Complete step by step solution: 
Given that,
$y = \left[ {\dfrac{{\sin \left( {x + a} \right)}}{{\sin \left( {x + b} \right)}}} \right] - - - - - (1)$
Differentiate equation (1) with respect to $x$,
$\dfrac{{dy}}{{dx}} = \dfrac{{\left[ {\sin \left( {x + b} \right)\cos \left( {x + a} \right) - \sin \left( {x + a} \right)\cos \left( {x + b} \right)} \right]}}{{\left[ {{{\sin }^2}\left( {x + b} \right)} \right]}}$
$\dfrac{{dy}}{{dx}} = \dfrac{{\sin \left( {b - a} \right)}}{{{{\sin }^2}\left( {x + b} \right)}}$
For maximum and minimum values
$\dfrac{{dy}}{{dx}} = 0$
$\dfrac{{\sin \left( {b - a} \right)}}{{{{\sin }^2}\left( {x + b} \right)}} = 0$
$\sin \left( {b - a} \right) = 0$
Here, the value does not depend on $x$
It implies that $y$ is neither minima nor maxima at $x = 0$
Hence, Option (3) is the correct answer..

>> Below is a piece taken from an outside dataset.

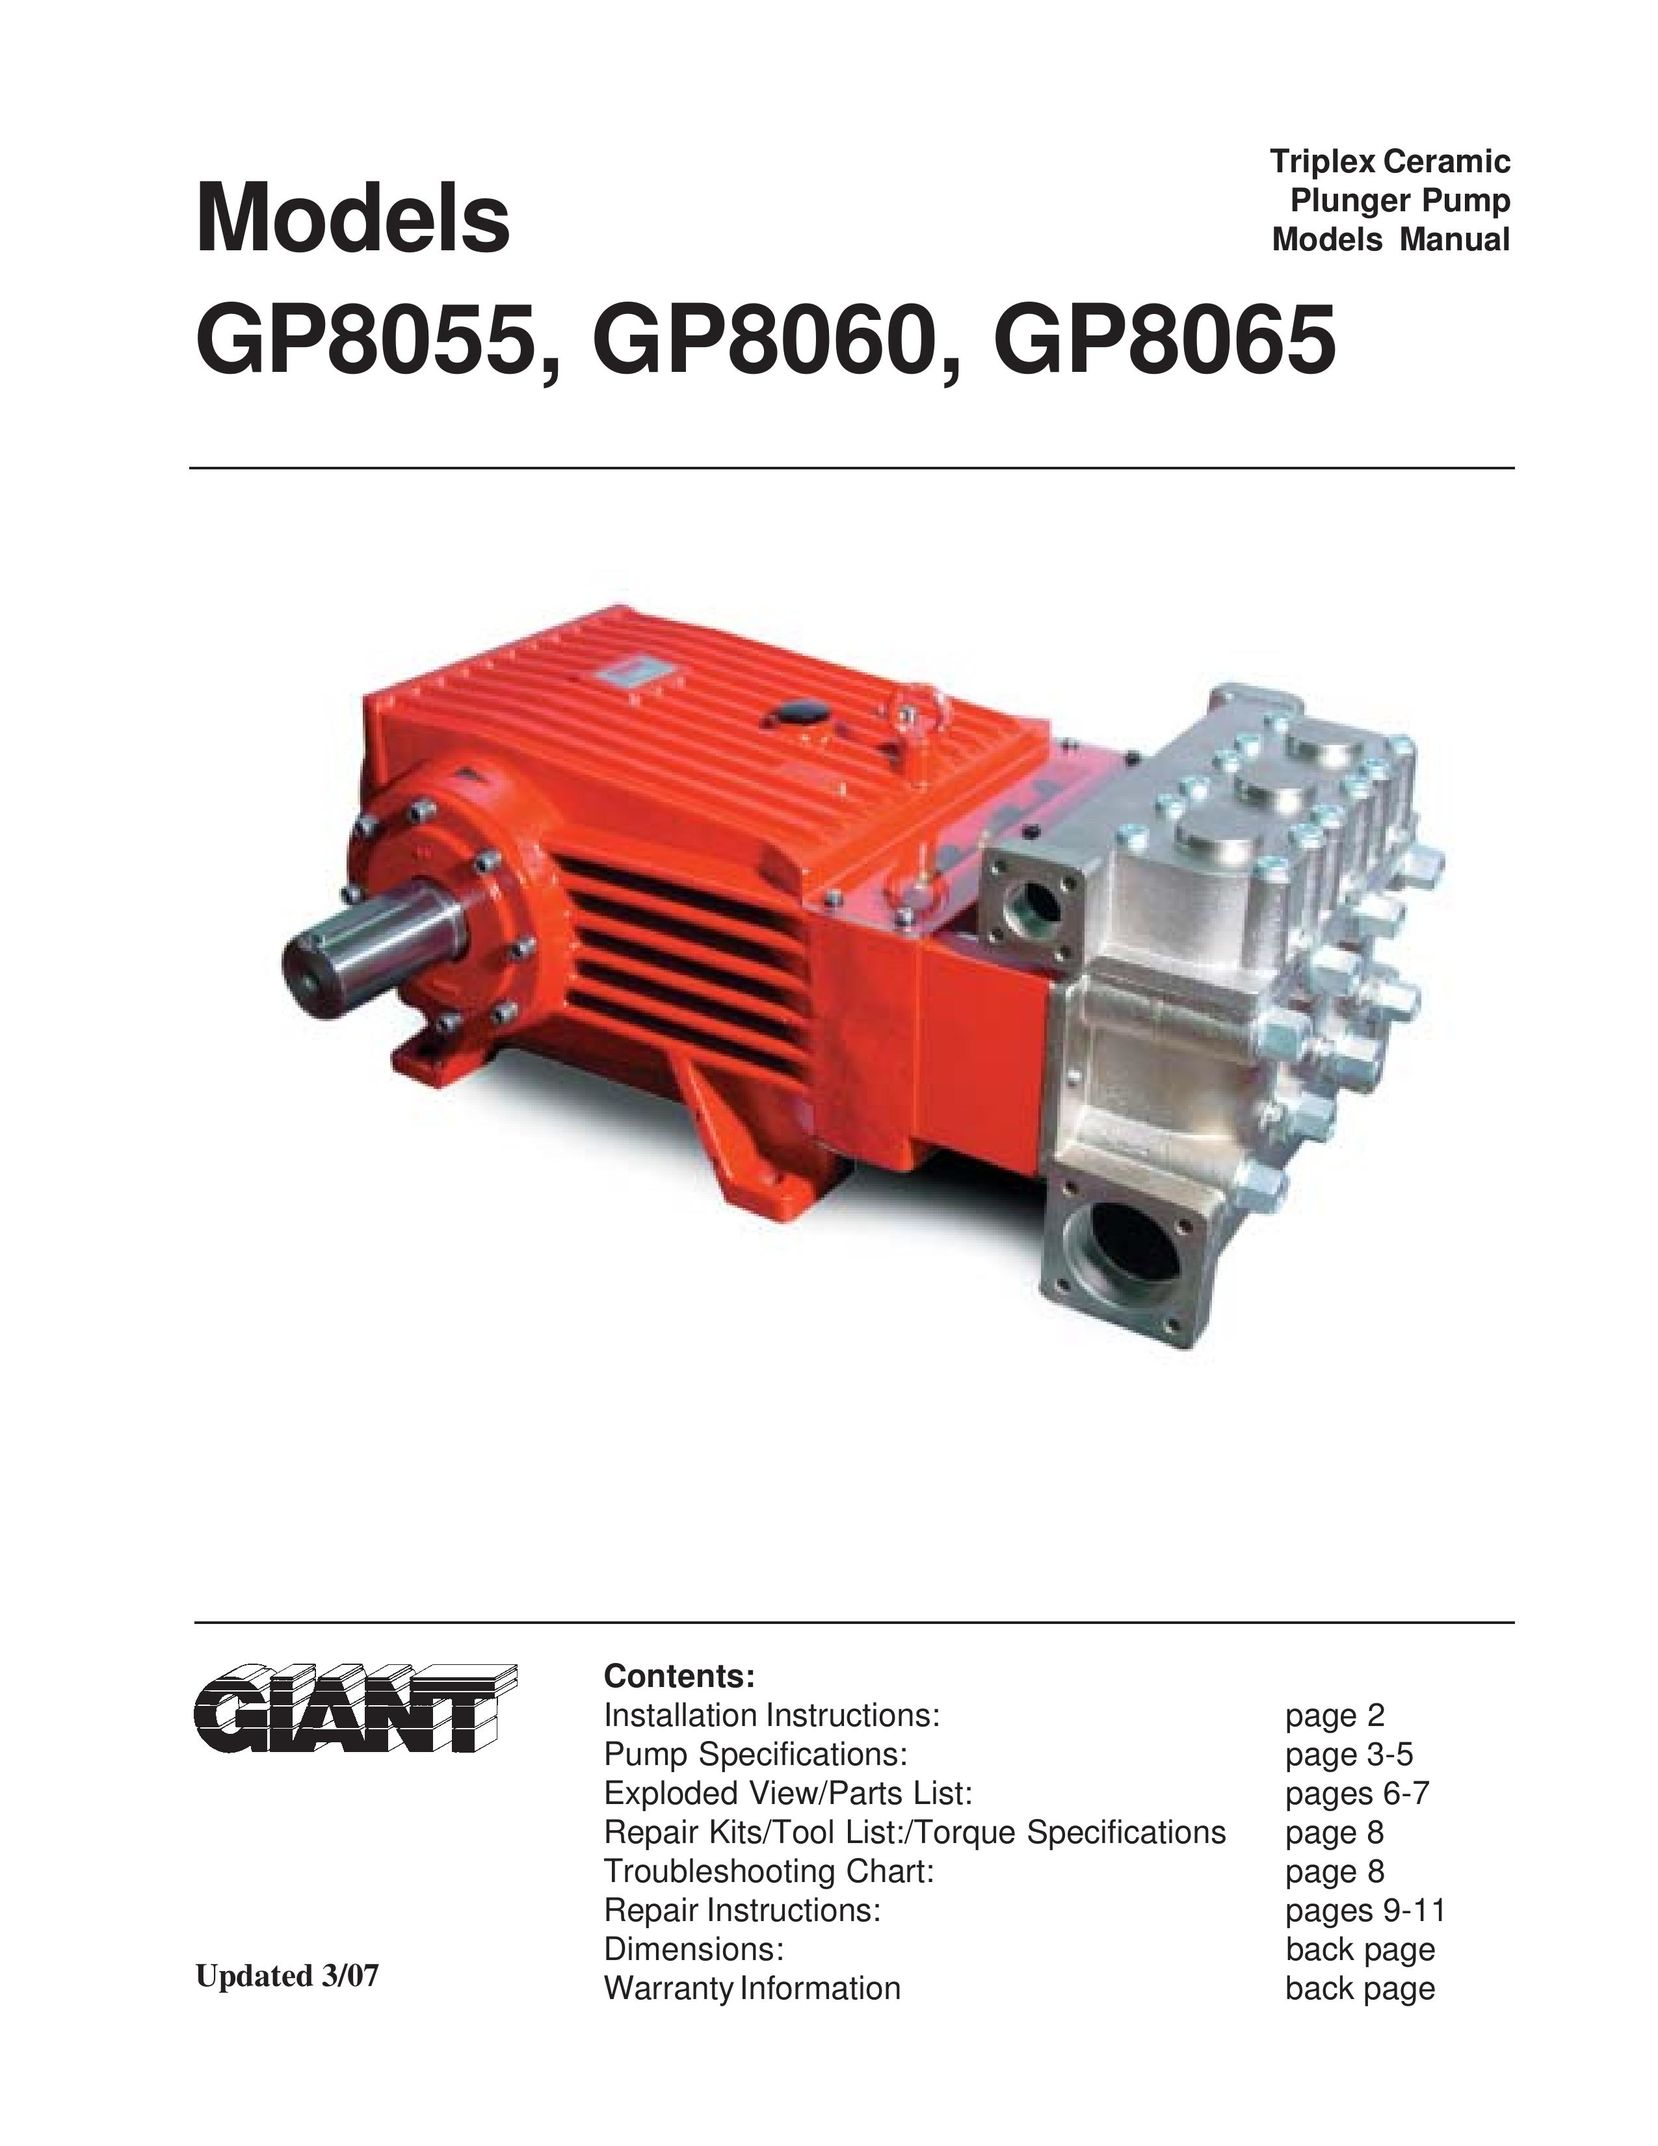 Giant GP8055 Water Pump User Manual

Note: The key concept involved in solving this problem is the good knowledge of maxima and minima. Students must remember that maxima and minima are the highest and lowest values of a function within a given set of ranges. The maximum value of the function under the entire range is known as the absolute maxima, and the minimum value is known as the absolute minima.